The NBS, in its latest report on the inflation rate for January 2023, stated that the figure rose to 21.82 per cent, from the December 2022 figure of 21.34 per cent.

But in a report titled, ‘Nigeria: 2022 Article IV Consultation’, the IMF said the NBS was using the 2003/2004 National Consumer Expenditure Survey (NCES) to measure the CPI or the inflation rate, instead of the 2018 National Household Livings Standards, which would have measured the rate appropriately.

The Fund regarded the 2003/2004 NCES as outdated and affecting the monthly NBS inflation rate measurement.

The NCES is an index basket that includes prices of household goods, foods and other items.

According to the IMF, the inflation rate released by the Bureau did not reflect the reality in the Nigerian market, saying the use of the 2018 National Household Livings Standards would make the rate more realistic.

In its report that covered the month of January 2023, IMF urged the NBS to update its price basket or methodology to capture market realities correctly.

The report read, “The official monthly consumer price index (CPI), a composite of urban and rural price data, is available on a timely basis. However, the index weights and baskets are based on expenditures derived from the 2003/04 National Consumer Expenditure Survey. The weights are severely outdated and are not representative of current expenditure patterns. Outdated weights can introduce a bias into the index.

“The update of the CPI — using new weights from the 2018 National Household Livings Standards Survey— is still ongoing. The compilation of an updated producer price index is ongoing, but funding for the survey is uncertain. IMF plans to provide additional technical assistance to support the CPI update and improvements to Nigeria’s price statistics.”

Some Nigerian economists, agreeing with the IMF, also faulted the NBS CPI inflation calculation methodology.

An economist and chief executive officer of Financial Derivatives, Bismarck Rewane, questioning the integrity of the current measurement basket of the NBS, described it as “outdated.”

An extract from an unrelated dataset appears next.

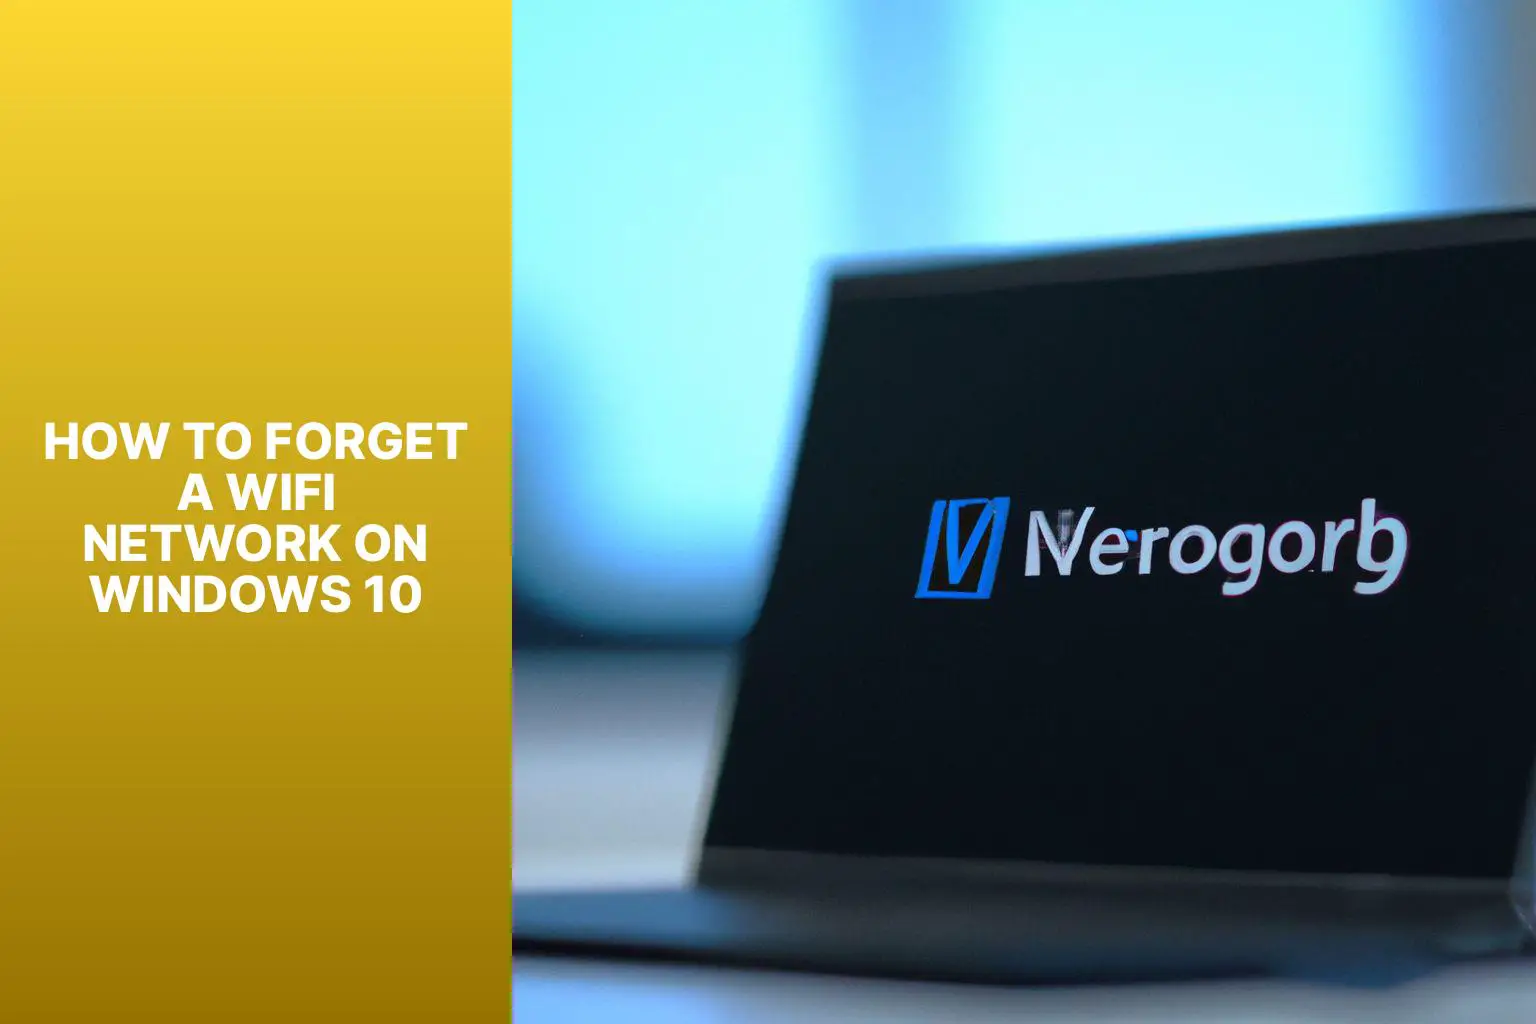 Forget WiFi Network on Windows how to forget a wifi network on windows 10dkep
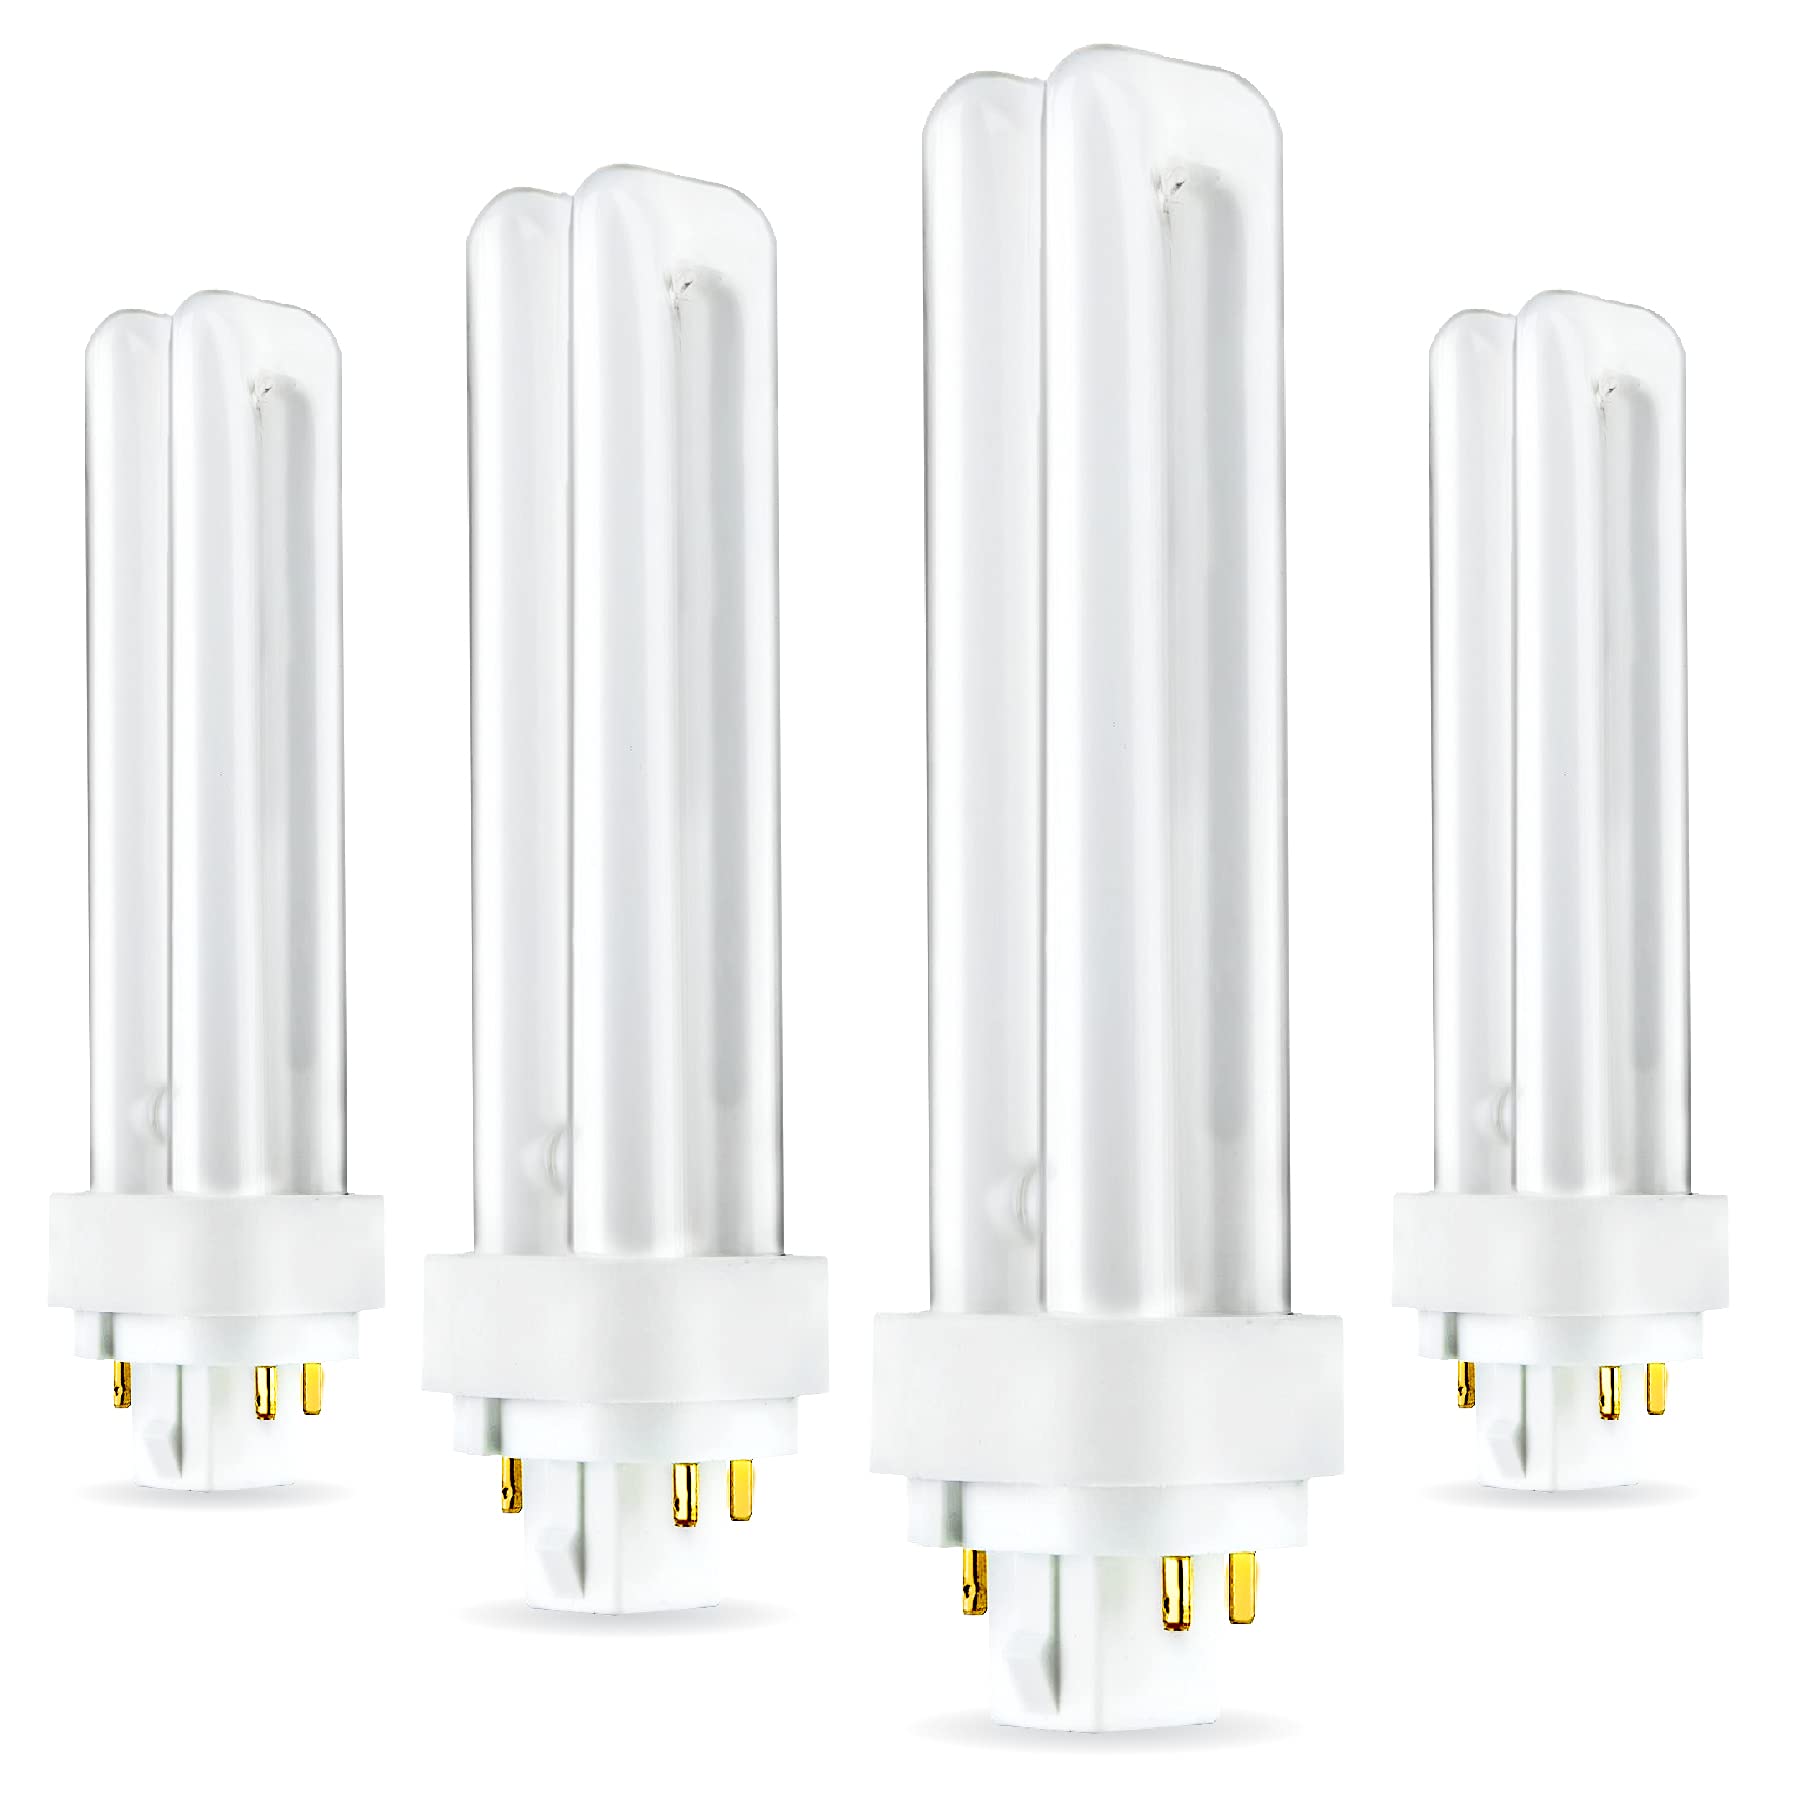 (4 Pack) PLC-13W 835, 4 Pin G24q-1, 13 Watt Double Tube, Compact Fluorescent Light Bulb, Replaces Philips 38327-3, GE 97596 and Sylvania 20671  - Very Good

Rewane said, “The fact that the inflation basket is supposed to be reviewed every five years and it has not been done is a major concern. Your behavioural patterns, demography, and life expectancy changes per time. All these are factored in.”

He stressed the importance of using the correct basket for measuring Nigeria’s inflation, noting that it was last reviewed in 2004.

“The last time we tweeked the basket was in 2004, quite frankly. Going by the five year cycle, we are in for a third review. What we seek to do in financial derivatives is to look at the baskets and try to rudimentarily alter it to reflect the right methodology.

“For instance, last year we used the basket of the NBS and it came out at 18.6 per cent. Our projection was that it was going to come out a little above 19 per cent, using the same NBS basket. When we used our own rudimentary basket, it came out at 45.6 per cent, a big difference,” he added.

A development economist, Kelvin Emmanuel, told The ICIR that the Nigerian inflation figure could be as high as over 40 per cent if the right methodology was utilised.

Emmanuel said, “I have always complained about the way the NBS calculates inflation and how it’s not accurate. The reality is that the NBS is using the National Economic Income Survey of 2004, despite the fact that the spending patterns of households have changed since then.”

He said that some other Statistics bureaux and global central banks are using the National Income Survey of 2018.

“This means that what the NBS is doing is wrong. There are other matrix to examine, if you look at the pending patterns of families, and it goes beyond food and transport. The National Living Standard Survey already provides the matrix they would use. It is just a matter of adopting the 2018 standard.

“This government wouldn’t want to do that because if they do, inflation would go above 40 per cent,” he said.

The spokesperson of the NBS, Sunday Icheidi, was, at the time this report was being published, yet to respond to messages sent to him to react to these criticisms against the Bureau.